What do you mean? One translation momentum (bullet) transfers to one transltation and one rotation momentums. One to two. What is the conculusion for this? Is angular momentum added from nowhere? Or it substracted from translation momentum initially? If yes, what is the classical mechanics rule which covers this momentum (from translation to angular) transfer? The translation momentum is not conserve anymore?

This is not mistake. How are you going to describe the translation with rotation movement for this cylinder which comes from single linear momentum?

Wrong. I mean correct for this classical physics laws. However conceptually wrong for multidimensional interaction. The classical physics disallow convert translation momentum to angular momentum.
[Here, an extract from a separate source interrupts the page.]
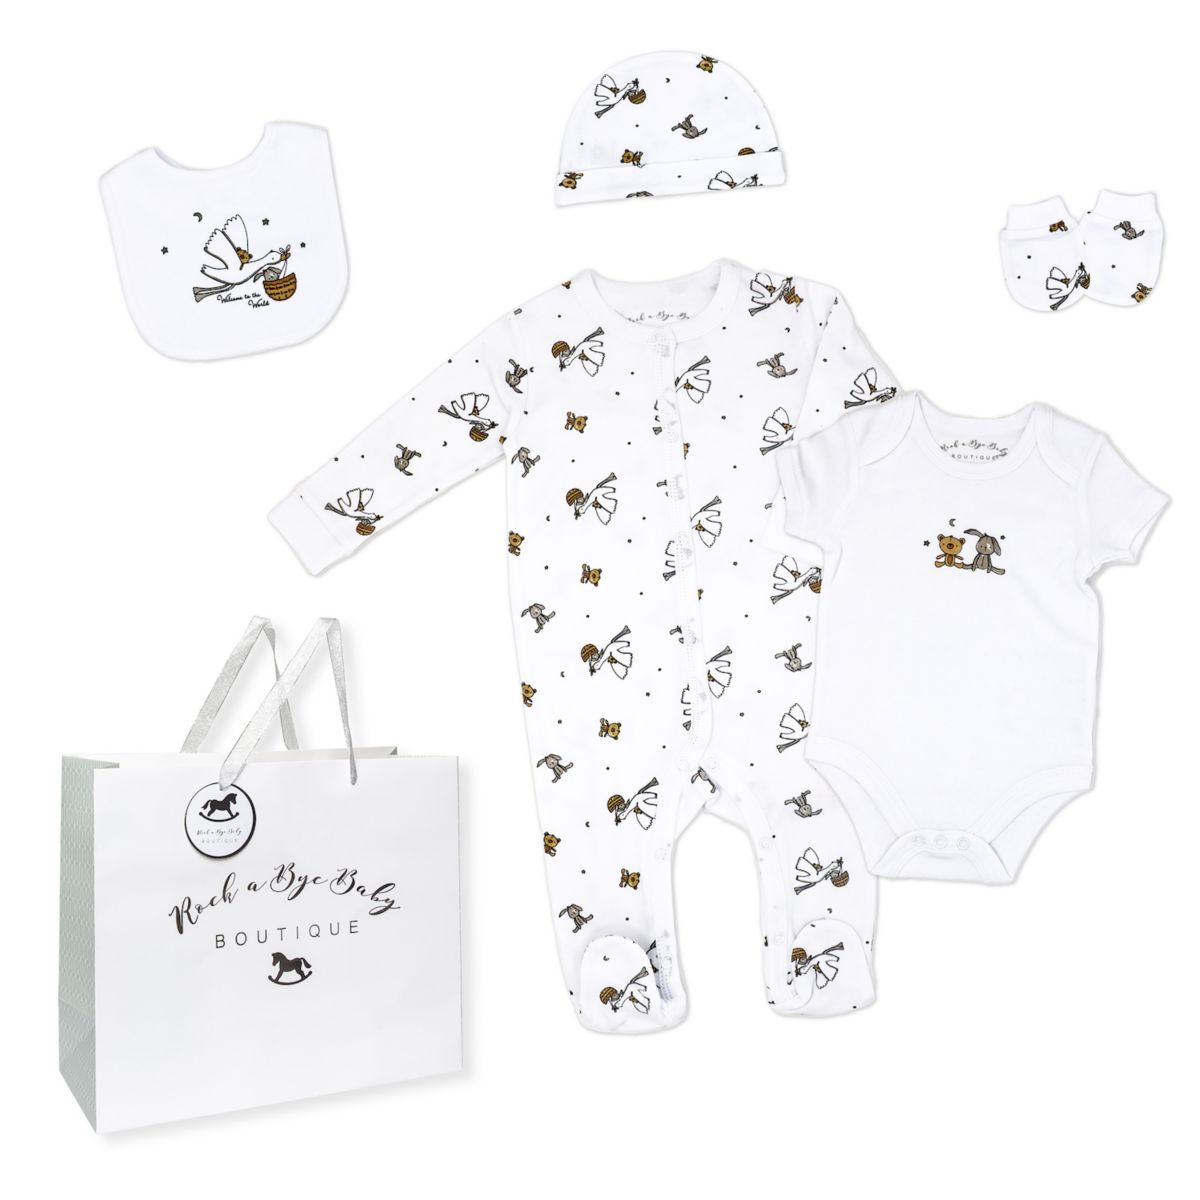 Baby Boys and Girls Busy Stork Layette, 5 Piece Set Rock A Bye Baby Boutique
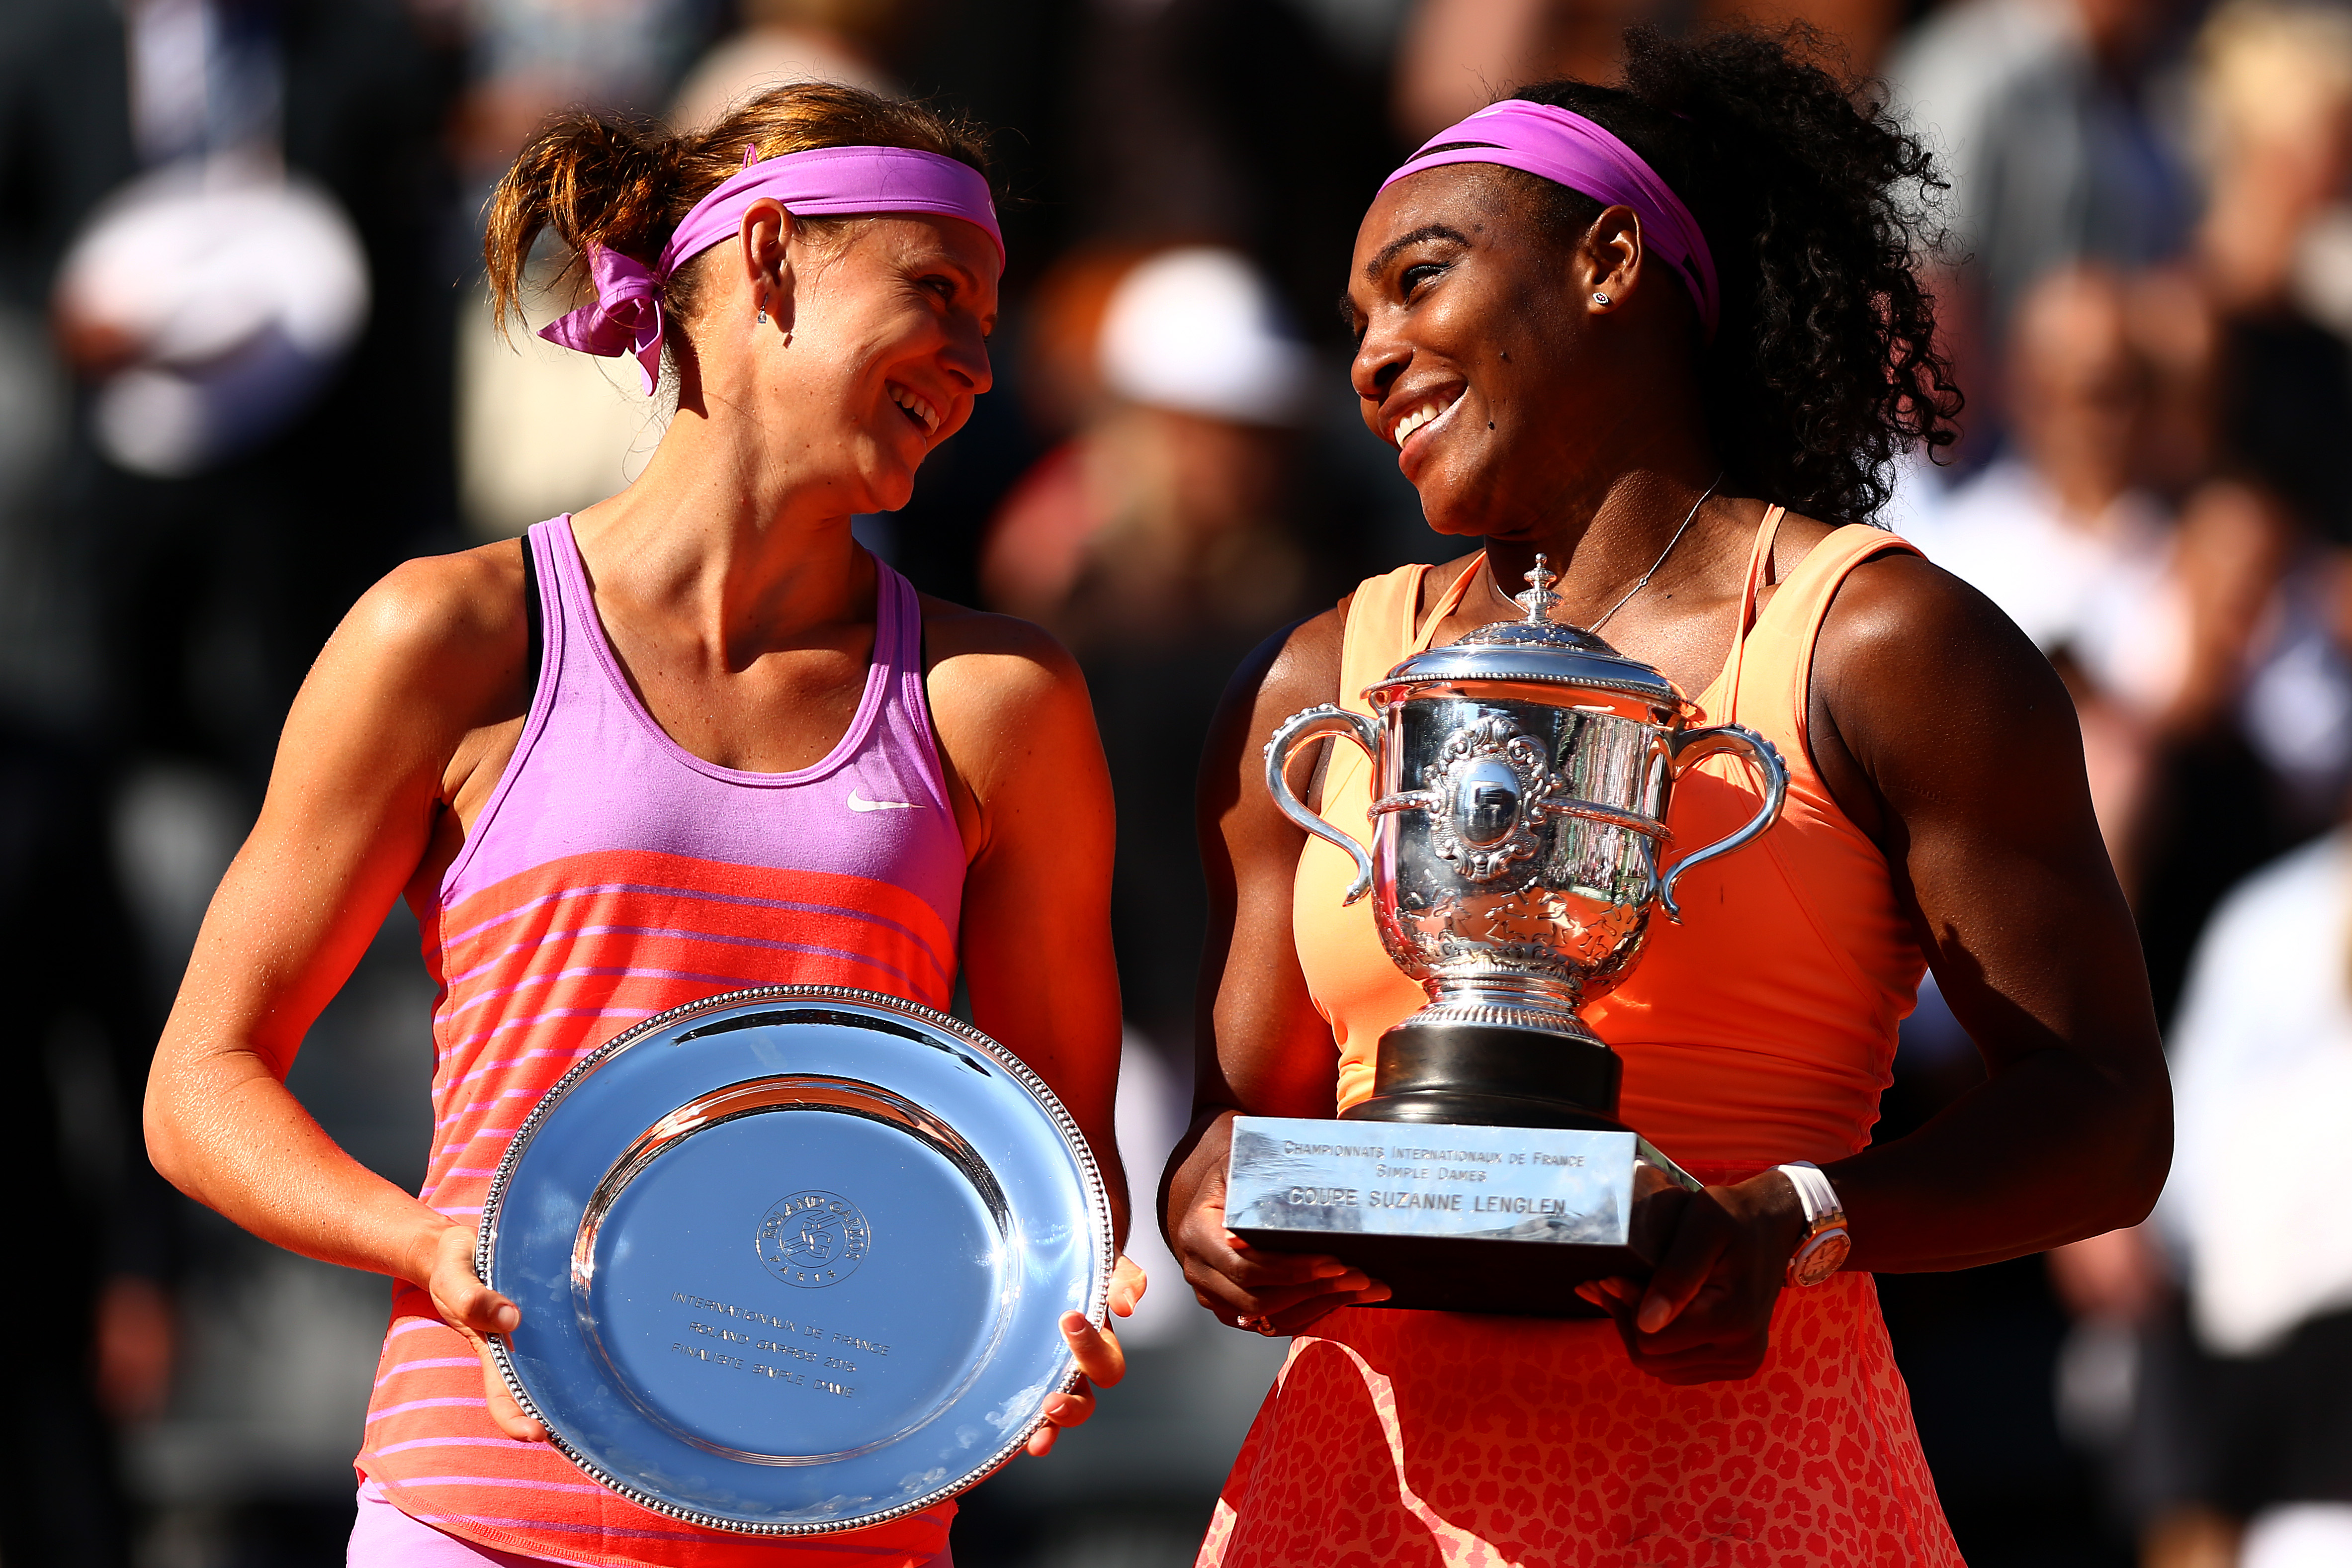 PARIS, FRANCE - JUNE 06: Serena Williams of the United States poses with the Coupe Suzanne Lenglen trophy next to Lucie Safarova of Czech Republic after winning their Women's Singles Final on day fourteen of the 2015 French Open at Roland Garros on June 6, 2015 in Paris, France. (Photo by Dan Istitene/Getty Images)

Because the classical physic allow to convert one type of movement to ONLY one other. But it can’t be start two movements together. However Mother Nature gives us many examples where one type of movement interacts to two types of movements together. The problem with cylinder - one of them. This is not covering by classical mechanics laws. It just substitutes solutions for any of these types of movements. We should choose this type of movements first. This is the problem of classical mechanic laws. The momentum conserve, however the generic law of momentum conservation for multidimensional movement is covering linear and angular momentums.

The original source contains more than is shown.